For equal treatment under Israeli law

For equal treatment under Israeli law

This NY Times op-ed last week by an Arab citizen of Israel, married to a non-Israeli Palestinian, depicts in painful detail the inequities and indignities forced upon them–especially the unreasonable (even illogical) difficulties imposed upon them when entering the country from abroad.  The one thing he does not do is to provide context when he looks at the historical circumstances under which his grandparents were routed from Lydda, now Lod, by soldiers commanded by Yitzhak Rabin, during the 1948 war.  I say this not to justify the permanent exile of so many people at that time, but to indicate that there was a rational explanation: the need for Israel to avoid a potential threat in its rear while facing an onslaught from outside Arab armies. 

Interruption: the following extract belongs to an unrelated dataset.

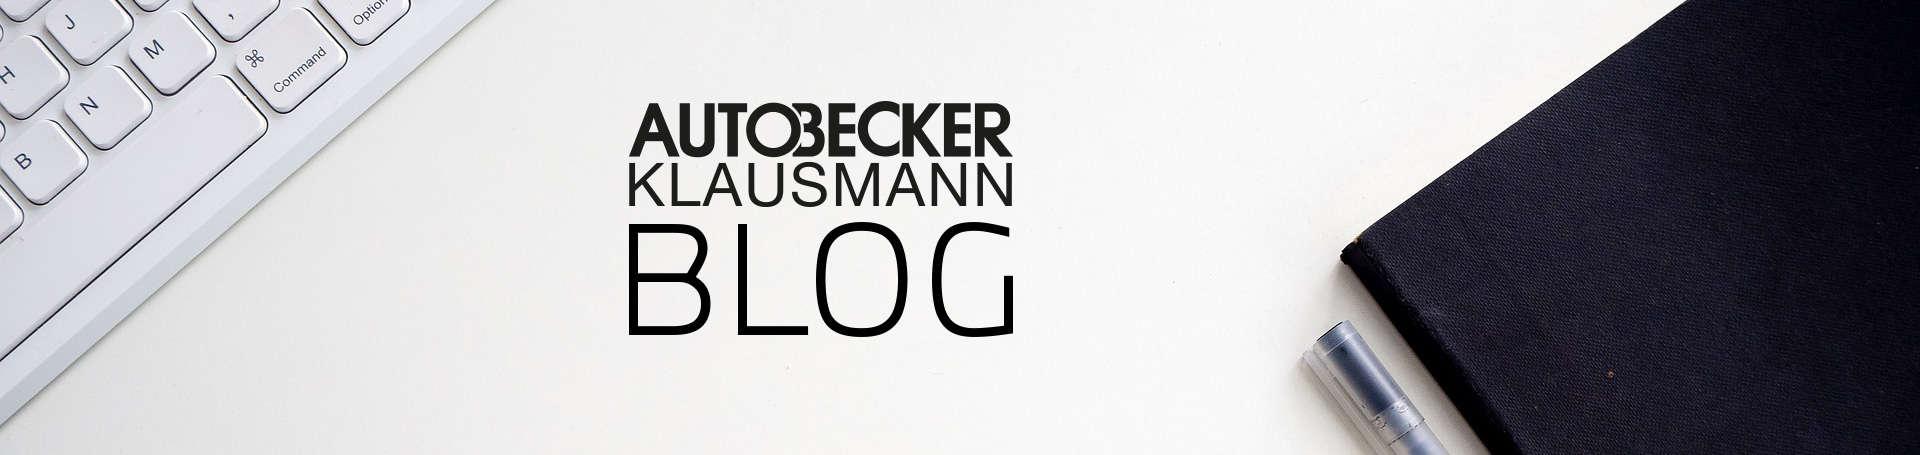 Auto Becker Klausmann Blog
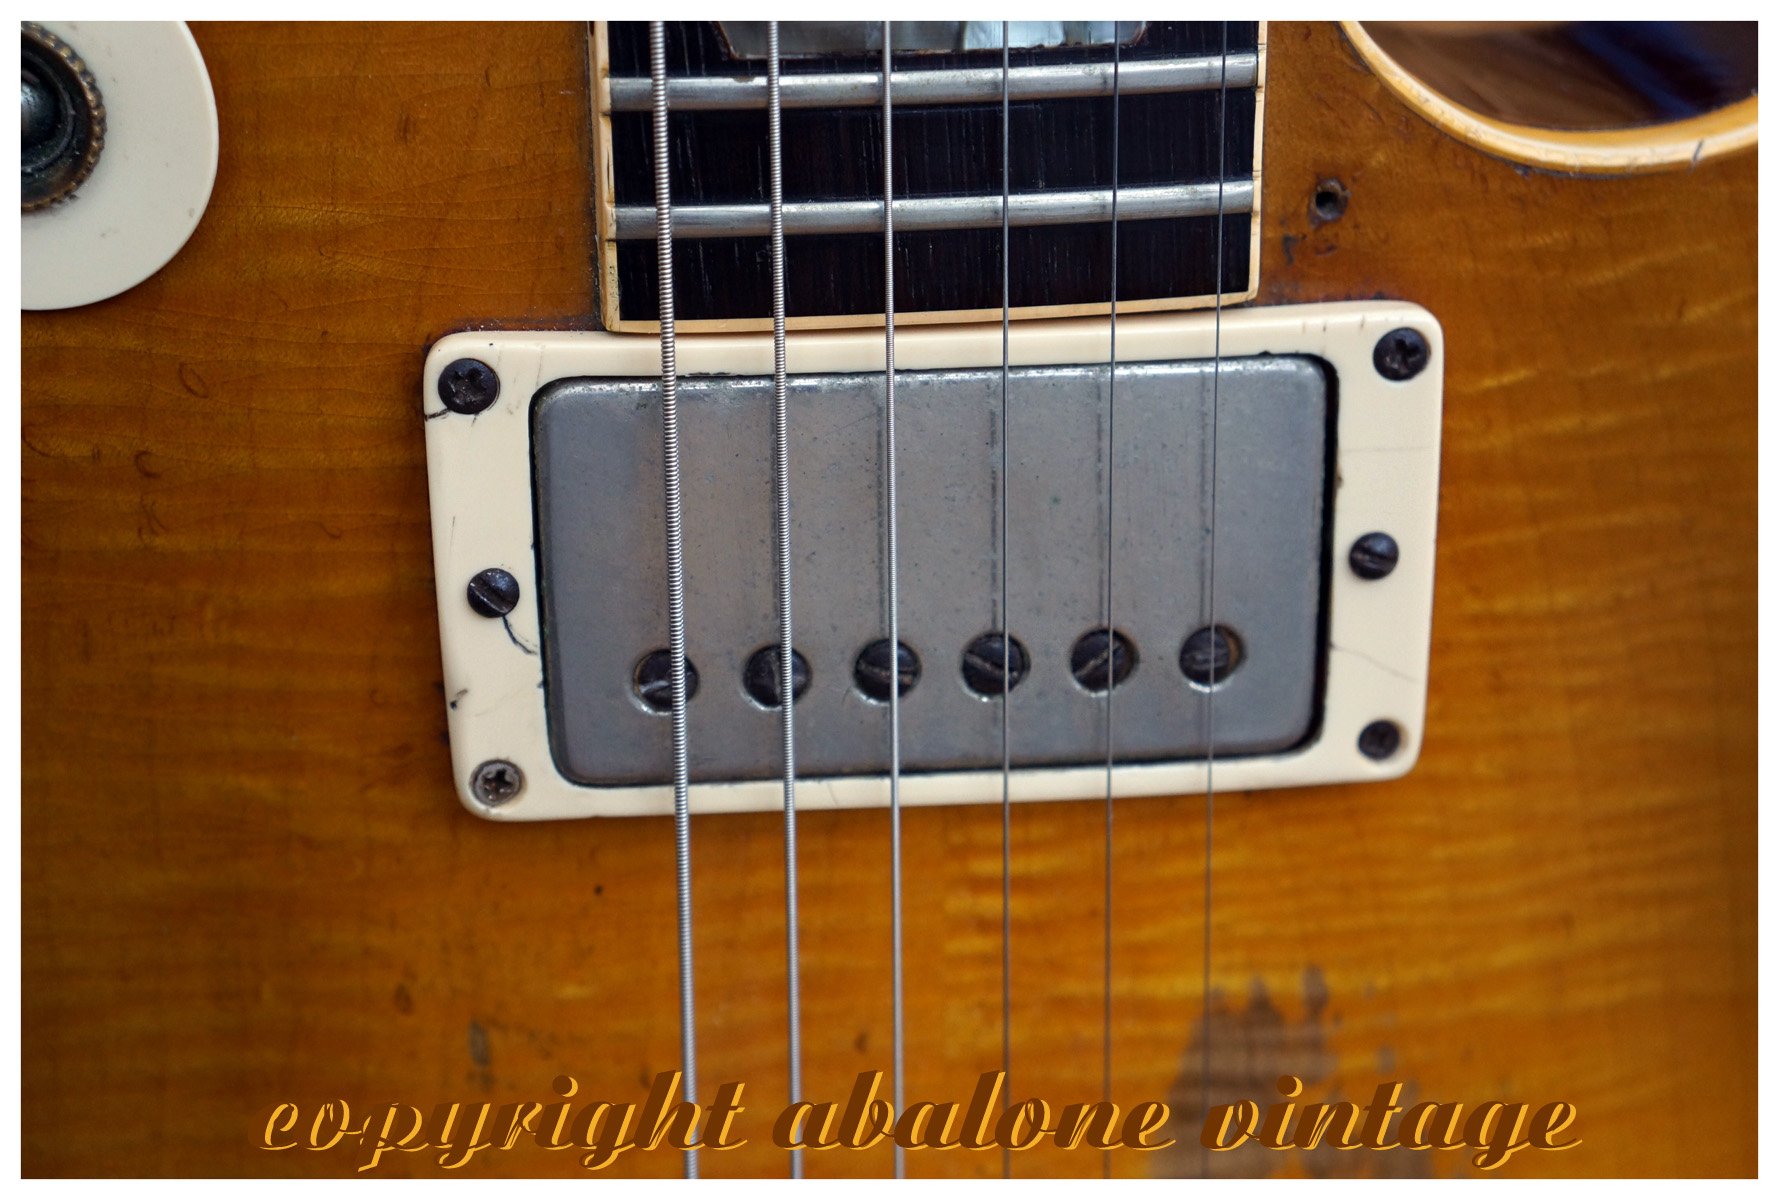 1959_Gibson_Les_Paul_guitar_Greenie_pick

That the writer’s grandparents were among only 1,000 who were able to return, while 19,000 others became homeless and stateless refugees, remains a blot on Israel’s past.  That he and his wife cannot travel together today, is a blot on Israel’s present.  The past is past, and no full “right of return” can be enacted (especially to homes that mostly no longer exist) without impinging upon the rights of Israelis today, but unreasonable inequities in today’s law can and must be remedied to help Israel become a more just and harmonious society.  And the stateless refugees must be offered compensation and a variety of options for resettlement, including in the future state of Palestine alongside Israel.

In the meantime, the horrors of the occupation continue in the West Bank, as evidenced in videos of the violence of militant settlers.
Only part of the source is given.